In reality, denying your grief, running from it, or minimizing it only seems to make it more confusing and overwhelming. Paradoxically, to eventually soften your hurt, you must embrace it. As strange as it may seem, you must make it your friend.

In this book, I will attempt to teach you to gently and lovingly befriend your divorce grief. To not be so afraid to express your grief. To not be ashamed of your tears and profound feelings of sadness. To try not to pull down the blinds that shut out light and love. Slowly, and in "doses," you can and will return to life and begin to live in ways that put stars back into your sky.

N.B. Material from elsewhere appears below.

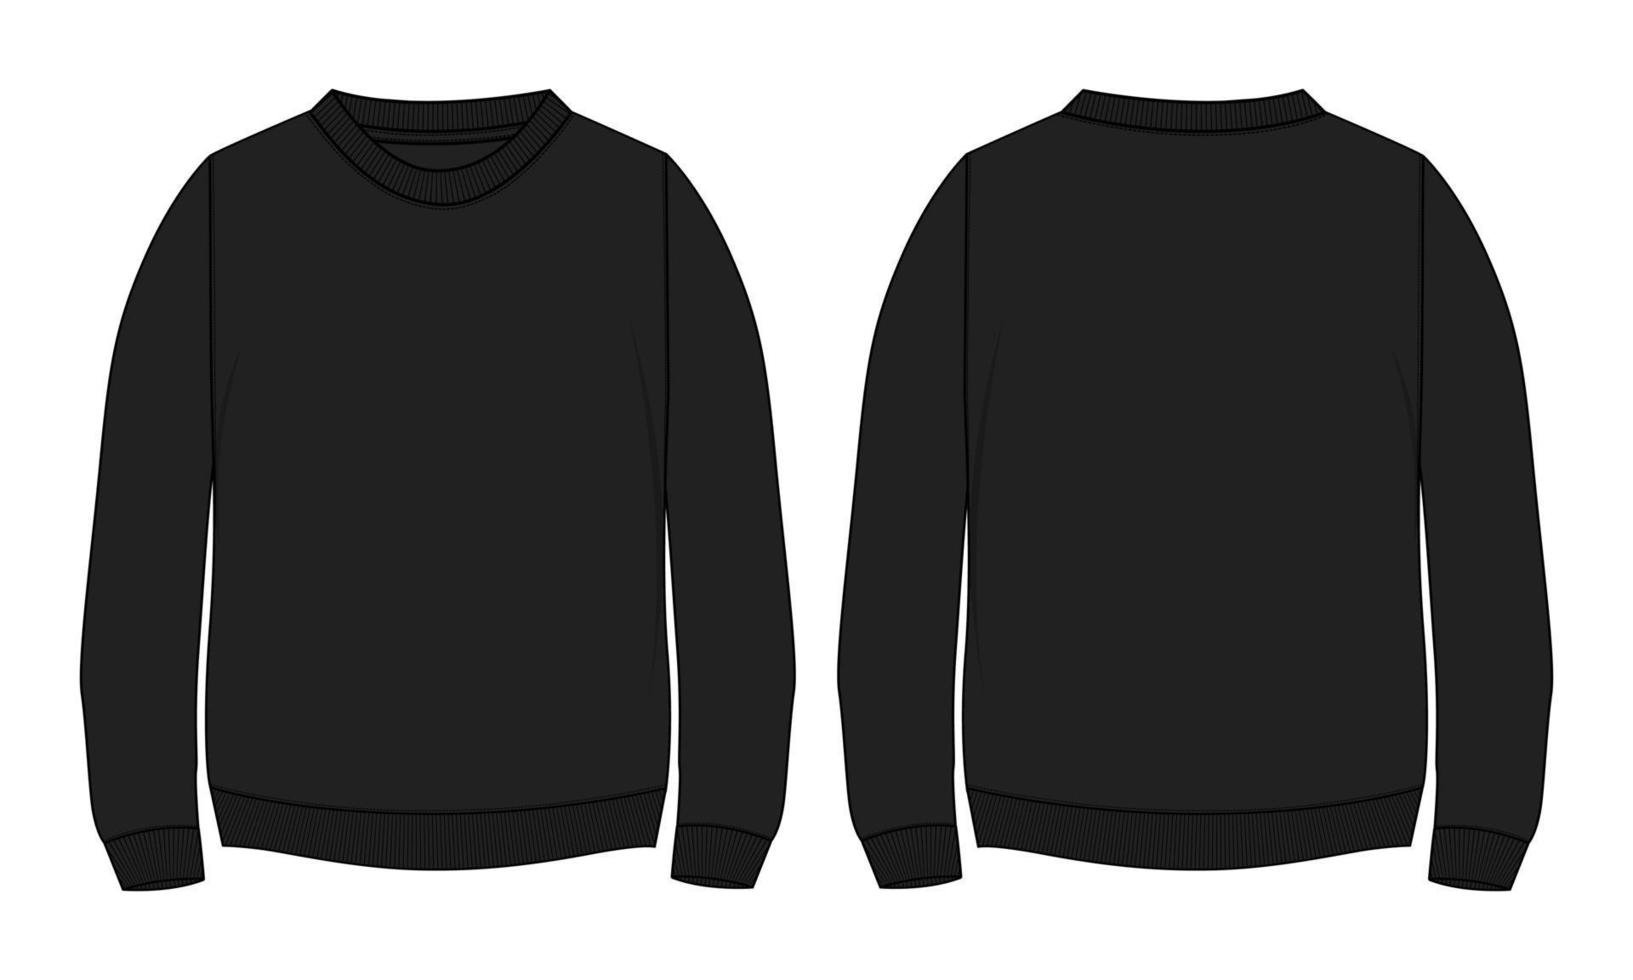 Langarm-Sweatshirt technische Mode flache Skizze Vektor Illustration Vorlage Vorder- und Rückansichten.

I invite you to gently confront the pain of your grief. I will try with all of my heart to point to the Touchstones as you journey through the wilderness of your divorce grief. As we go forward, remember: As you do your grief work you will experience transcendence and live with meaning and purpose every day of your life.


TOUCHSTONE TWO Dispel the Misconceptions About Divorce and Grief

"Life is like an onion. You peel it off one layer at a time, and sometimes you weep."

Carl Sandburg

As you journey through the wilderness of your divorce grief, you will come to find a path that feels right for you. This path will be your path to healing and eventual transcendence. But beware — others may try to pull you off this path. They may try to make you believe that the path you have chosen is wrong, even "crazy," and that their way is better.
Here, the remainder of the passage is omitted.